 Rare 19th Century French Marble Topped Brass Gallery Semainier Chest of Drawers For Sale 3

※

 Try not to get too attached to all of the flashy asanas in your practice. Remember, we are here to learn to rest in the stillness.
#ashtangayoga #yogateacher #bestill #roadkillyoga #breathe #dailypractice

※

- To do
Here the job is to set down exactly the lines of the material above that fall between the one with "Try not to get" and the one with "#ashtangayoga #yogateacher #bestill", inclusive, and nothing beyond them.

- Written answer
 Try not to get too attached to all of the flashy asanas in your practice. Remember, we are here to learn to rest in the stillness.
#ashtangayoga #yogateacher #bestill #roadkillyoga #breathe #dailypractice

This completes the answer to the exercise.